Since the current error comes from the sensor and the measuring environment itself when the dual-current sensor scheme is adopted, and the three-phase current is directly available, the control strategy considers that the dual-current sensor has no current error. When the single-current sensor strategy can achieve the effect of dual-current sensor, the reconstruction current can be considered to be successful to a certain extent. I will add a table to describe the error of single current sensor under some working conditions. In the case of robustness verification, due to the large fluctuation of current error, the average error has more research significance. However, in the case of general parameter mismatch, the average error of the system with good robustness fluctuates at the 0 attachment, so it is not listed in the table.

 

The following contents have been added in the revised manuscript on page 2 and lines 225-229, copied below for your convenience:

 

 

In order to better demonstrate the ability of current reconstruction, the maximum current error in each stage of each working condition accounts for the amplitude of the stable current in this stage, as shown in Table 3. Under various working conditions, the maximum proportion of current error is less than 1%. When the load is added, the proportion of current error is even smaller due to the increase of stable current amplitude, and the lowest proportion is only 0.073%. The proportion of maximum current error reflects local error, which shows that the average error of current will be smaller, and the smaller the current error, the more feasible it is to replace the sensor current value. Table 3 shows the strong current reconstruction ability under steady and dynamic conditions, and the single current sensor FOC control is completely feasible.

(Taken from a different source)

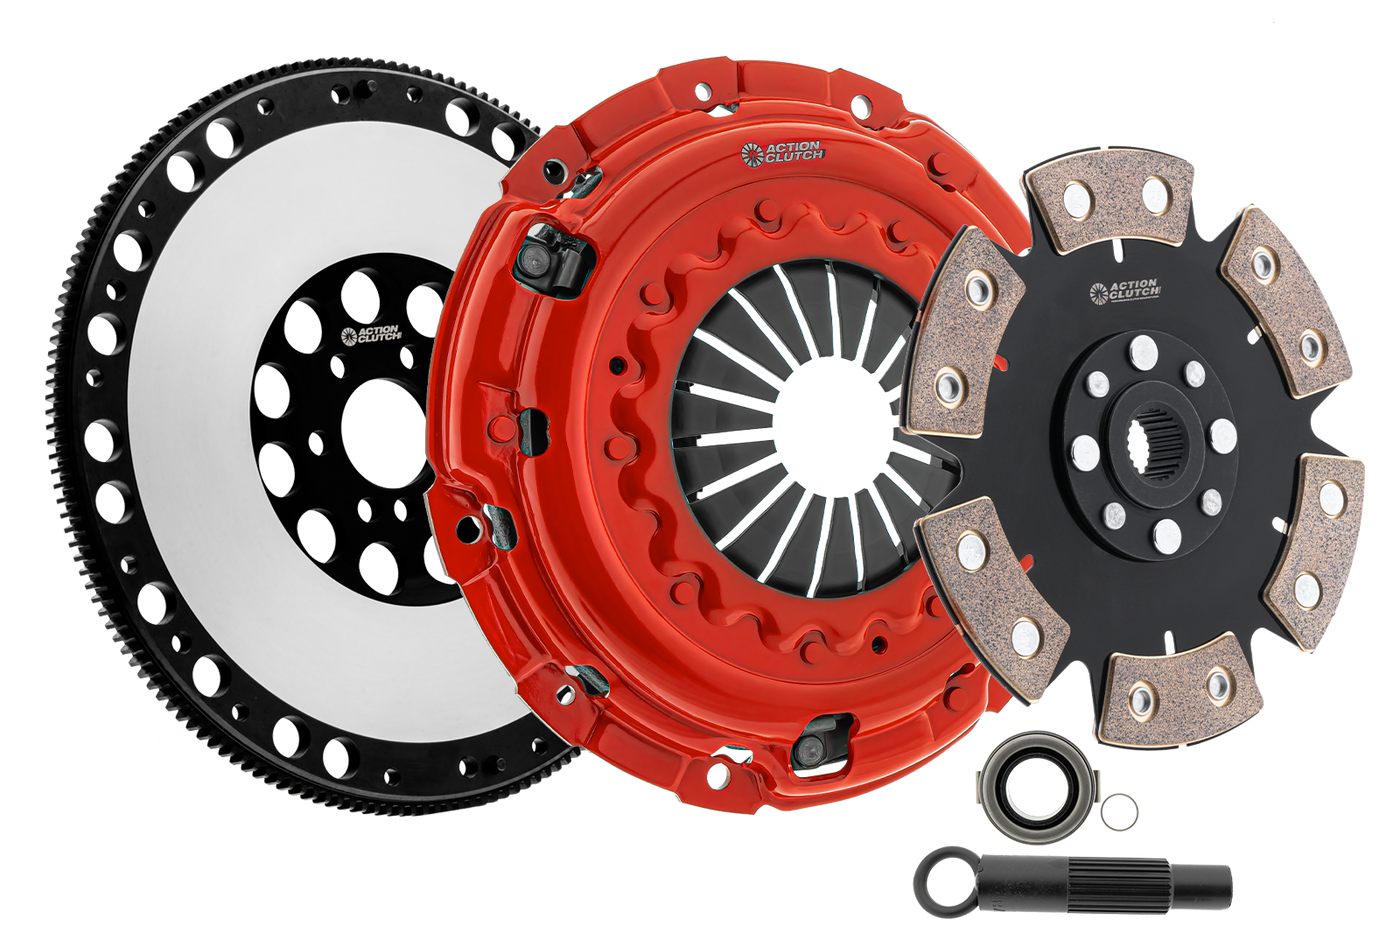 Stage 6 Clutch Kit (2MD) for BMW 330Xi 2001-2003 3.0L DOHC (M54) 5 Speed Only RWD Includes Lightened Flywheel
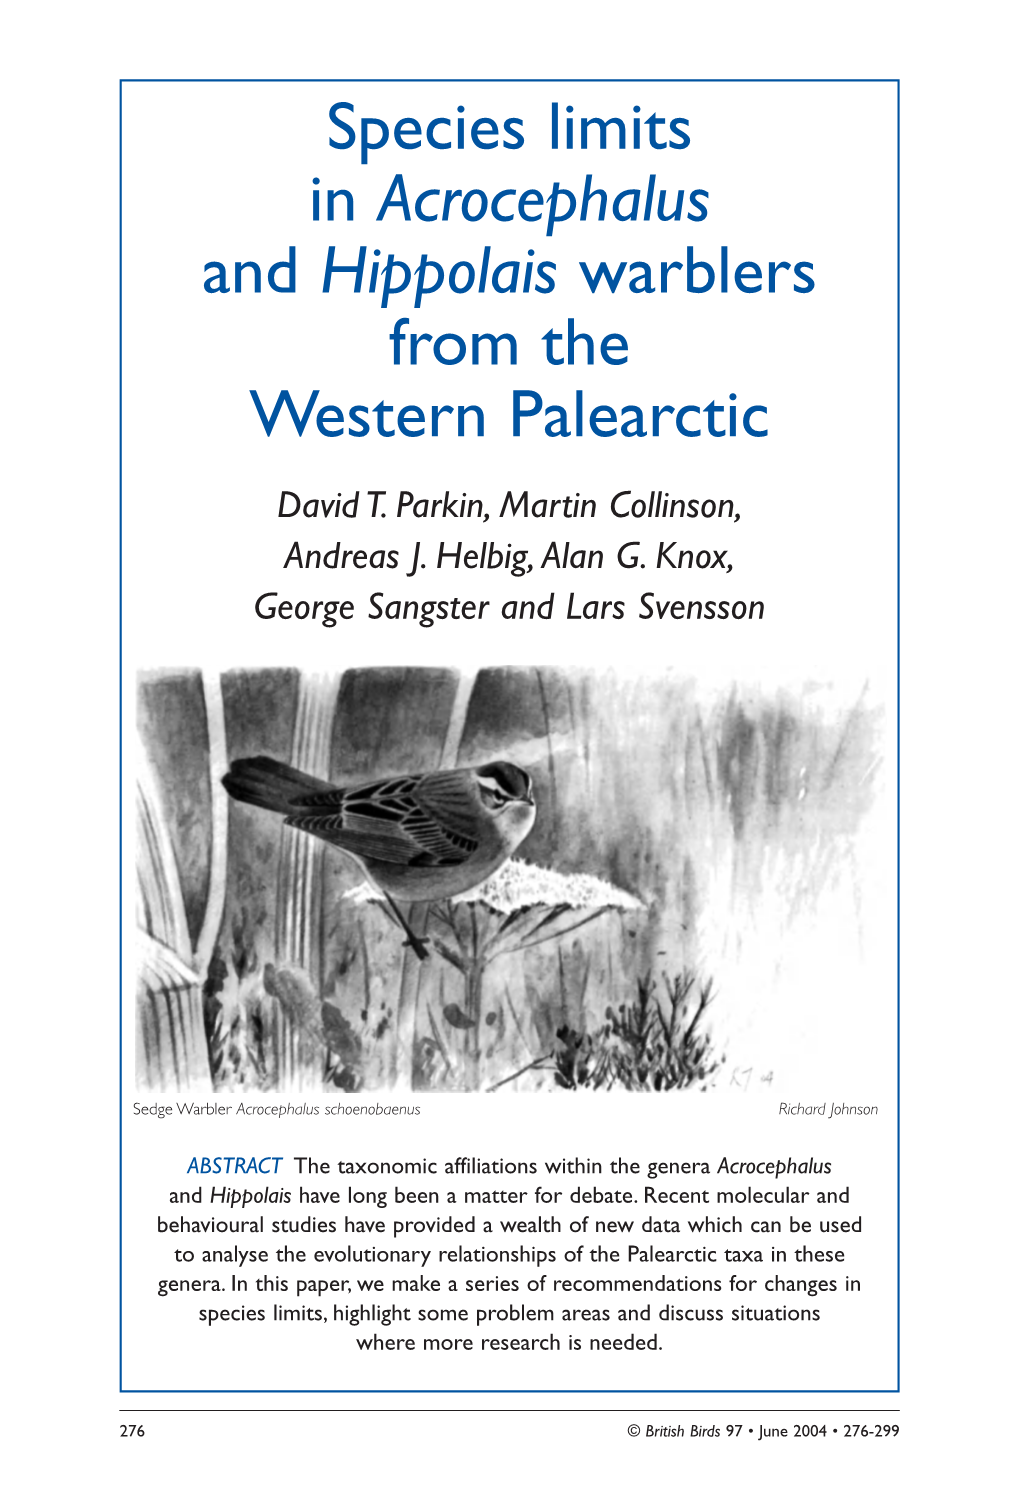 Acrocephalus and Hippolais Warblers from the Western Palearctic David T

Table 3. Brief Comparison of Reconstructed current error.

Working Condition	Process	Percentage of Maximum Current Error	Purpose of Working Condition
W	1000rpm without load	0.85%	Steady-state condition verification
M	0s: 600rpm with 2N·m	0.32%	Dynamic condition verification
	0.02s: 1000rpm with 5N·m	0.073%
	0.07s: 800rpm with 2N·m	0.17%
N	0s: 1000rpm with 5N·m	0.076%	Locate the position where the maximum error of current occurs.
	0.05s: 1000rpm with 2N·m	0.13%

 

Author Response File: Author Response.pdf

Reviewer 2 Report

The paper presents aspects related to the permanent magnet synchronous motor control based on phase current reconstruction and is useful to electrical shareholders. The control system tests the performance of the motor under different working conditions when the parameters are 15 matched, and then tests the current reconstruction ability of the parameter mismatch.

The subject is not new but the approach is interesting and useful for specialists in the field. The large amount of data, graphs, representations and discussions based on the data presented represent the strong and new part brought by the paper. The methodology used is good and allows to highlight the problems discussed. The tables and figures is good.

 

 

Suggestions on revision:

The main problem is related to the formulation of the conclusions that must summarize the advantages, disadvantages and main problems from the studies.

The conclusions are incomplete and do not reflect the content of the data presented in the paper, which must be reformulated and improved. They must result from the studies done and the processed data.

The references are at the limit can be improved.

Author Response

Dear  sir or madam：

Thank you very much for your careful guidance in your busy schedule, and we feel honored for it.We have reflected on your guidance, and the details are contained in the annex. For a better reading experience, you can download the attachment for viewing.Have a nice day!

 

Reviewer’s question/comment 1:

The main problem is related to the formulation of the conclusions that must summarize the advantages, disadvantages and main problems from the studies.

Authors’ reply 1:

Thank you very much for your great feedback. After my reflection, I summarized some advantages and disadvantages.

 

The following contents have been added in the revised manuscript on page 2 and lines 408-430, copied below for your convenience:

 

Through a series of tests and analysis, the following conclusions can be drawn:

(1) There is no connection between the designed current observer and the DC bus method. There is no blind area of current reconstruction. There is no need to obtain other current information except the a-phase current, and no additional hardware measures are required.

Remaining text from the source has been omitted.